KKTC’de AB Bürosu çıkmazı |
Prof. Dr. Ata ATUN |
|
Mali Yardım Tüzüğündeki maddeler aslında kendi başlarına konuşuyor ve AB’nin Bürosunun KKTC’de açılamayacağını ima ediyor ama iyi niyetli bir çok insanımız bu Büroların Lefkoşa şehrinin Türk tarafında açılacağına inanıyor.
AB’ye güvenleri var ve AB’nin insan haklarını, dolayısı ile Kıbrıs’lı Türklerin haklarını koruyacağına inanıyorlar. 24 Nisan 2004 referandumda Kıbrıs’lı Türkler tarafından verilen %68 EVET oylarının bir şekilde ödüllendirileceğini zannediyorlar.
Ama kazın ayağı hiçte öyle değil.
İşte bu yanılgıya en güzel örnek daha birkaç gün önce Avrupa Halk Partisi (EPP) tarafından kabul edilen 9 maddelik karar. Dokuz maddenin dokuzu da Rumları destekleyen ve Kıbrıs Türklerini de azınlık statüsüne düşüren maddeler.
Mali yardım Tüzüğünün uygulanması ile sorumlu AB Komisyonu’nun Kuzey Kıbrıs’ta açmayı planladığı AB bürosuna Kıbrıs (Rum) Cumhuriyeti “OXI” deyip itiraz edince bir anlaşma sağlanamadı.
Zaten akside olamazdı.
AB yemeden içmeden, adada sınır ve barış sorunu varken, Kıbrıs (Rum) Cumhuriyeti’ni üye devlet olarak içine kabul etmesi ile zaten kararların tek taraflı olarak Rum yanlısı çıkmasının kapısını sonuna kadar açtı.
İyi niyetli insanlarımız, Komisyonda kararlar oy çokluğu ile alınacak, Rumların esamisi bile okunmayacak diyor ama EPP kararı ortada. Esamisi okunmayacak olan Rumlar, kararı istedikleri gibi hem de dokuzda dokuz çıkardılar.
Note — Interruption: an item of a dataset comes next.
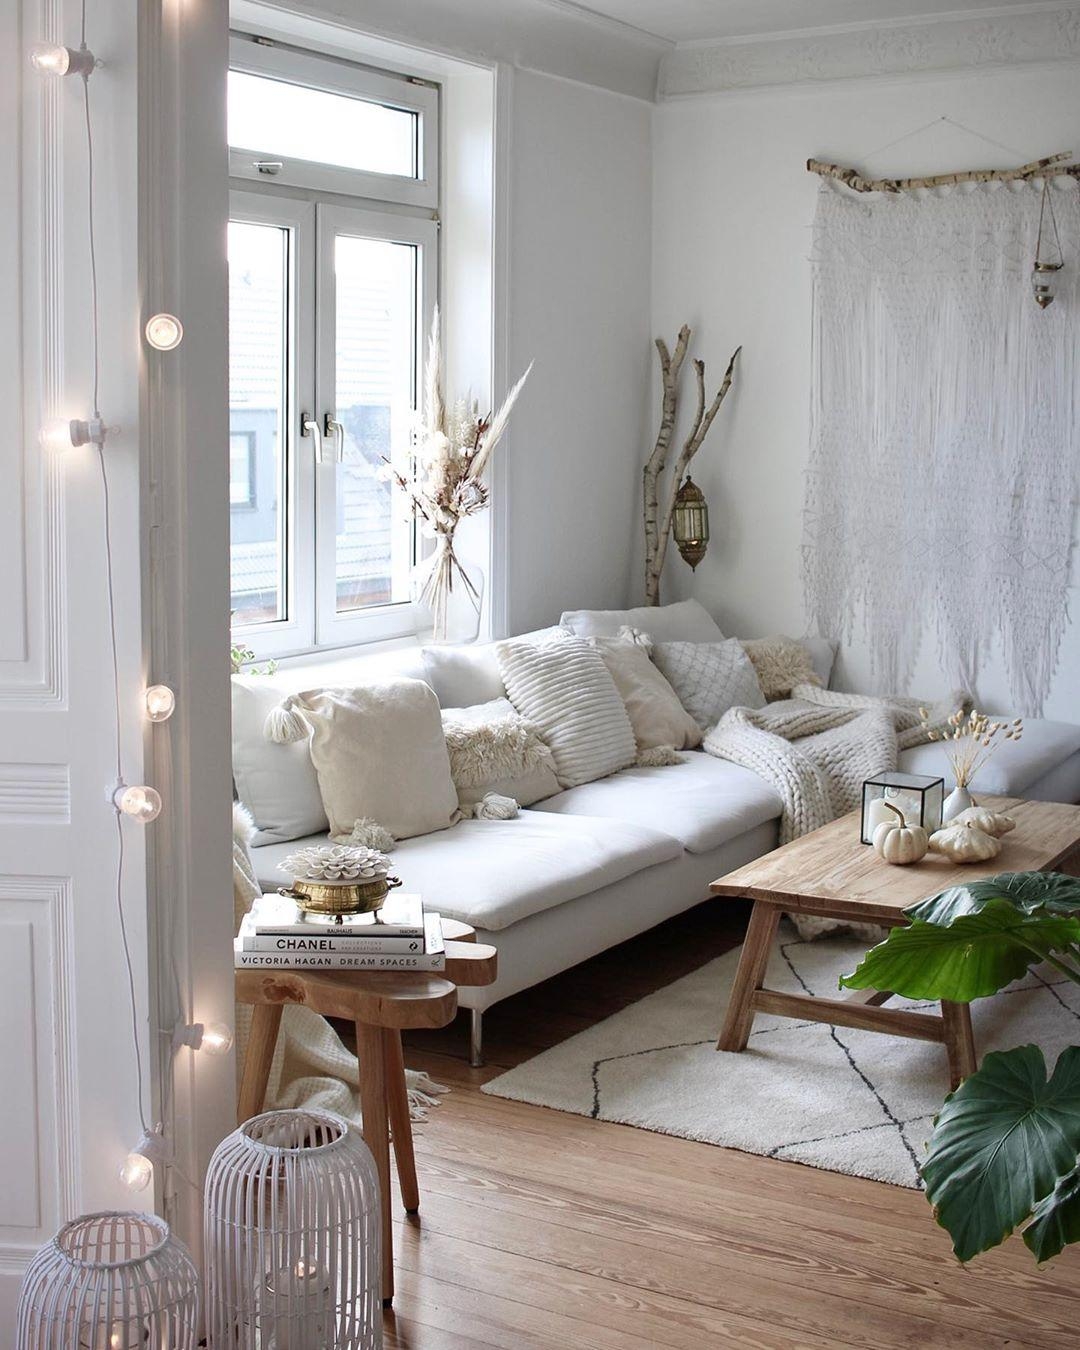 #Cozy #mood im #Wohnzimmer✨

#wohnzimmergestaltung #wohnen #home #ikea #weiss #couchtisch #couch #sofa #licht #kissen

Mali Yardım Tüzüğü içeriğince Lefkoşa’da açılacak Büro konusunda, Komisyon ile Rum Hükümeti arasında yapılan görüşmelerde bir sonuç alınamayınca konunun AB Daimi Temsilciler Komitesi COREPER’de ele alınması kararlaştırıldı.
Rumların Komisyondaki iddiaları, Kuzey Kıbrıs’ta AB bürosu açmaya gereksinim olmadığı, büronun hali hazırda, Lefkoşa’nın Rum kesimindeki Fenorameno Kilisesinin tam karşısındaki UNDP Binasında faaliyet gösterdiği ve adanın kuzeyi ile ilişkilerin Rum kesimindeki AB temsilciliği ile yürütebileceği şeklinde oldu.
Rumlar KKTC’de AB bürosunun açılmasına sıcak bakmıyor ve bu konuda AB Komisyonu’nun takındığı tavırdan da hiç memnun değiller. Söz konusu bu büronun kuzeyde açılmaması için de elden geleni yapmaya da hazırlar. Bu nedenle Komisyon büronun bir an önce açılmasını isterken Rumlar ise geri adım atmıyor. Ellerindeki tüm kozları da kullanmak düşüncesindeler.
Mali Yardım ile ilgili AB Bürosunun, Rumların tüm itirazlarına rağmen KKTC’de açılması kararı alınırsa, Rumlar bu defa Mali yardım Tüzüğünün uygulanmasını önlemek için ne tür engel çıkarılabilir çalışmasına da başladılar.
Rumların kuzey Kıbrıs’ta açılacak büro konusunda itirazları göstermelik olarak AB içinde tepkiye karşılandı ama AB Komisyonu ile Rumlar arasında yapılan teknik düzeydeki müzakerelerde Kıbrıs (Rum) Cumhuriyeti yetkilileri bir türlü ikna edilemedi.
Soru bu aşamada AB içinde siyasi düzeyde görüşülecek ve sonuçlandırılmaya çalışılacak ama bence sonuç şimdiden belli. Fransa, Danimarka, Almanya ve örtülü olarak Avusturya destekli Kıbrıs (Rum) Cumhuriyeti’nin tüm girişim ve engellemelerinden sonra Mali Yardım ile ilgili AB Bürosu Lefkoşa’nın Rum kesiminde açılacak ve göstermelik bir büroda KKTC’de göreve başlayacak.
Tabi bu varsayımlar hep, KKTC’deki Koalisyon Hükümetinin dağılması pahasına Mali Yardım Tüzüğünü kabul etmiş olması olasılığı üzerine kurulu. Aynen Nasreddin Hoca’nın yoldan geçecek koyunlardan çalılara takılacak tüylerden yün eğireceği varsayımı gibi.